É possível desenhar, por exemplo Elipses de confiança de 95% em torno de amostras do mesmo grupo nos resultados da função plotMDS em edgeR? Se sim, como?
Posso ver que haveria um processo de três etapas para fazer isso:
Mesclar contagens de todas as amostras no grupo e, em seguida, reamostrar as pseudo-réplicas a partir delas. Se x
for uma matriz com as amostras no grupo sendo colunas e os genes sendo linhas
s <- amostra (row.names (x), n = média (colSums (x)), probs = rowSums (x) / sum (rowSums (x)) stab <- tabela (s) s <- as.vector (stab) nomes (s) <- nomes (stab)
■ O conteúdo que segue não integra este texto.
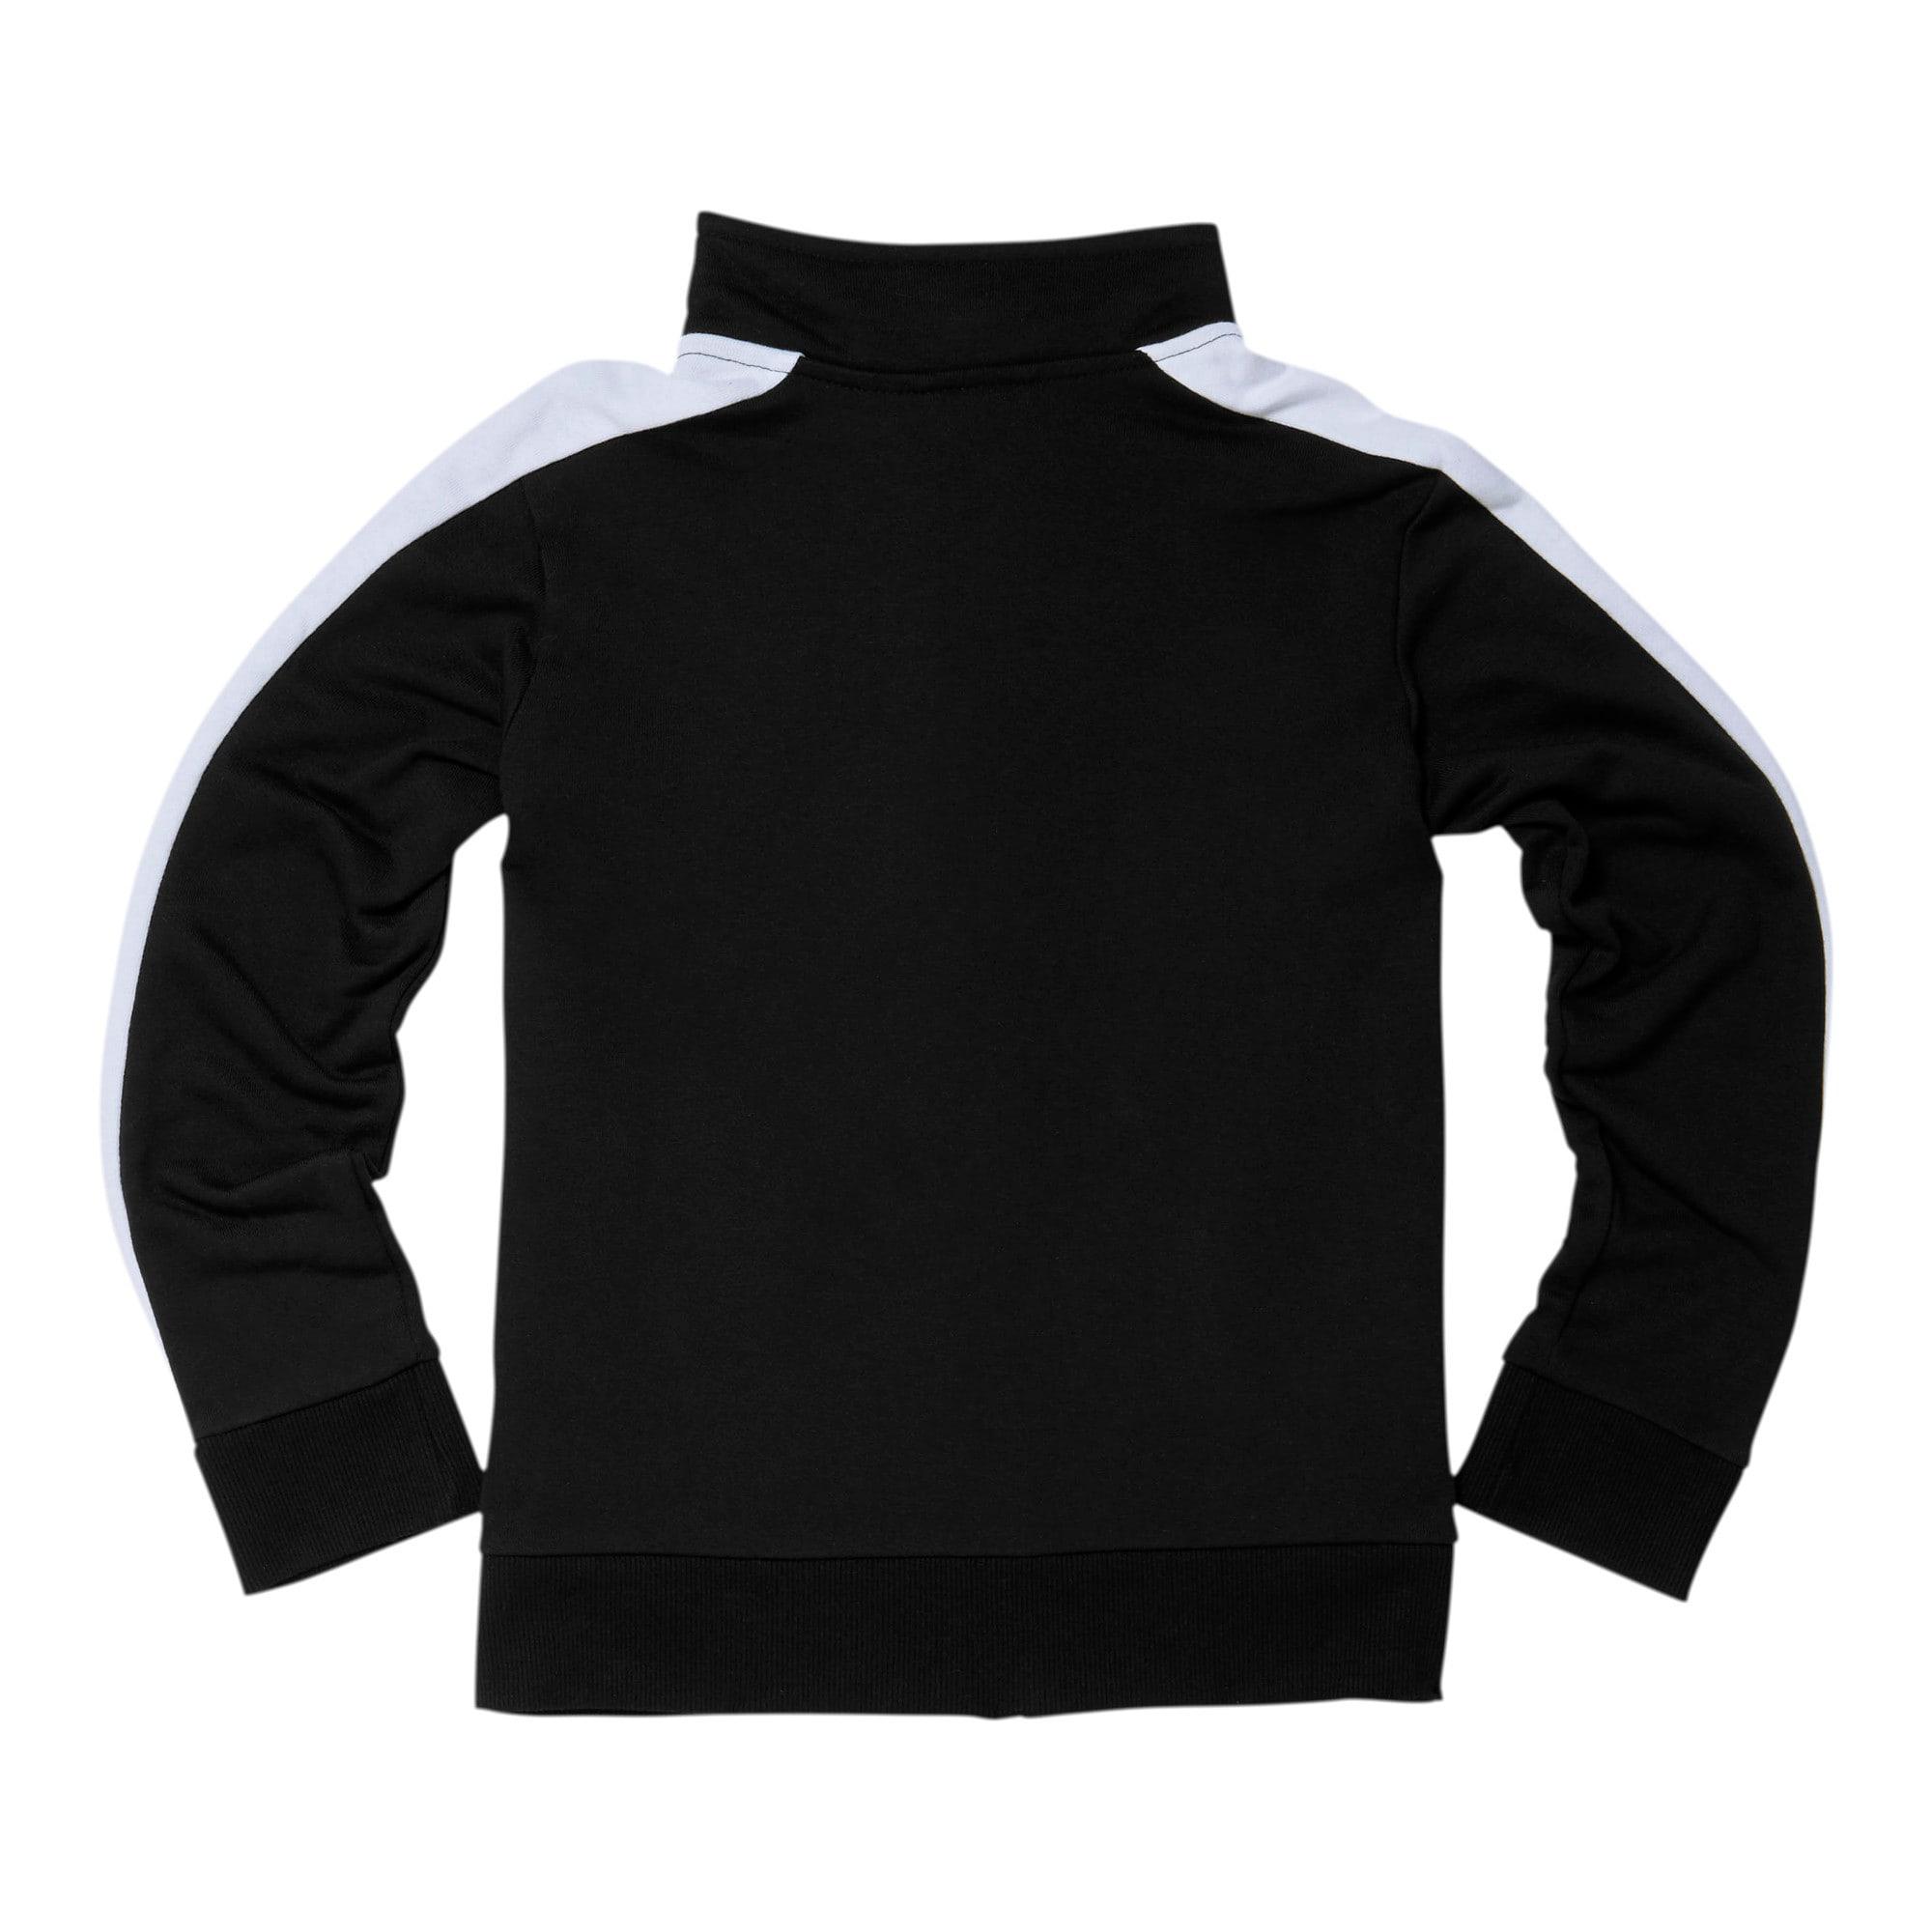 Thumbnail 2 of Boys' T7 Track Jacket JR, PUMA BLACK/WHITE, medium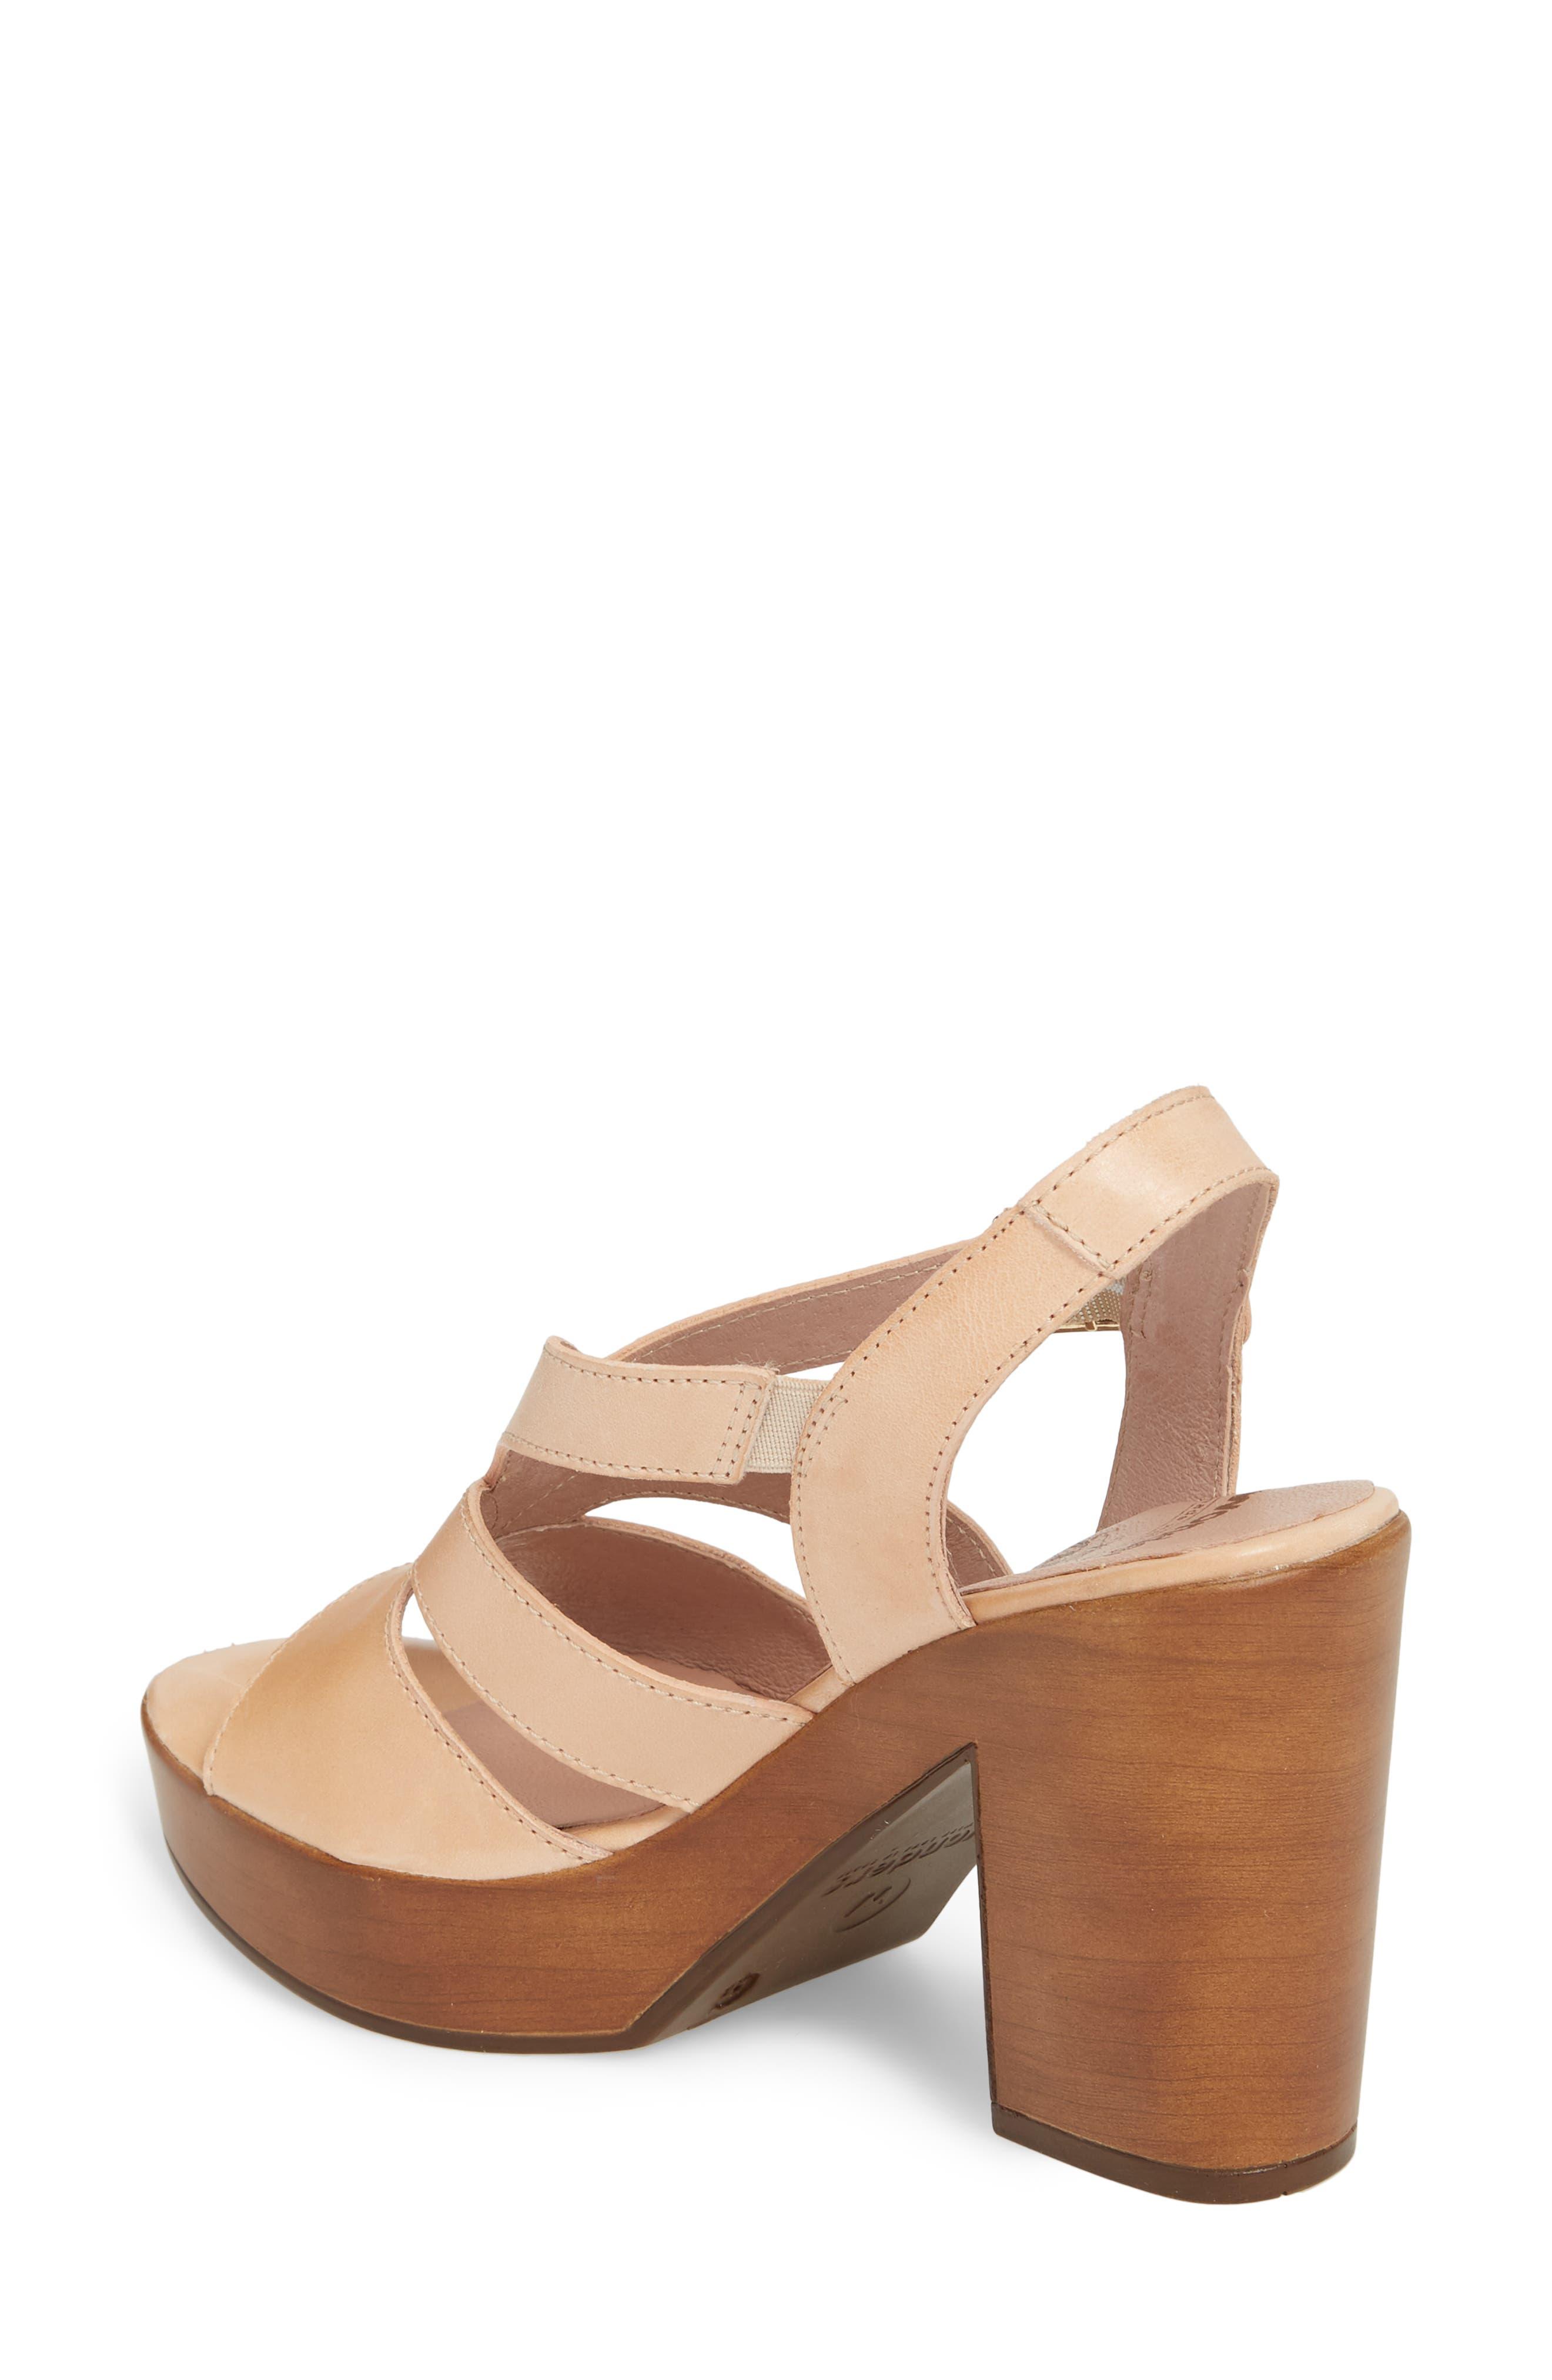 V-Strap Platform Sandal,                             Alternate thumbnail 2, color,                             Palo Leather

Faça isso milhares de vezes.
Você, então, desejaria projetá-los em seu espaço de plotagem MDS - estou menos claro sobre como você poderia fazer isso sem perturbar o próprio espaço.
Calcule o parâmetro para uma elipise que conteria 95% desses pontos. Novamente, não tenho certeza sobre como fazer isso, mas Acho que o pacote car
pode ser um bom lugar para começar a procurar.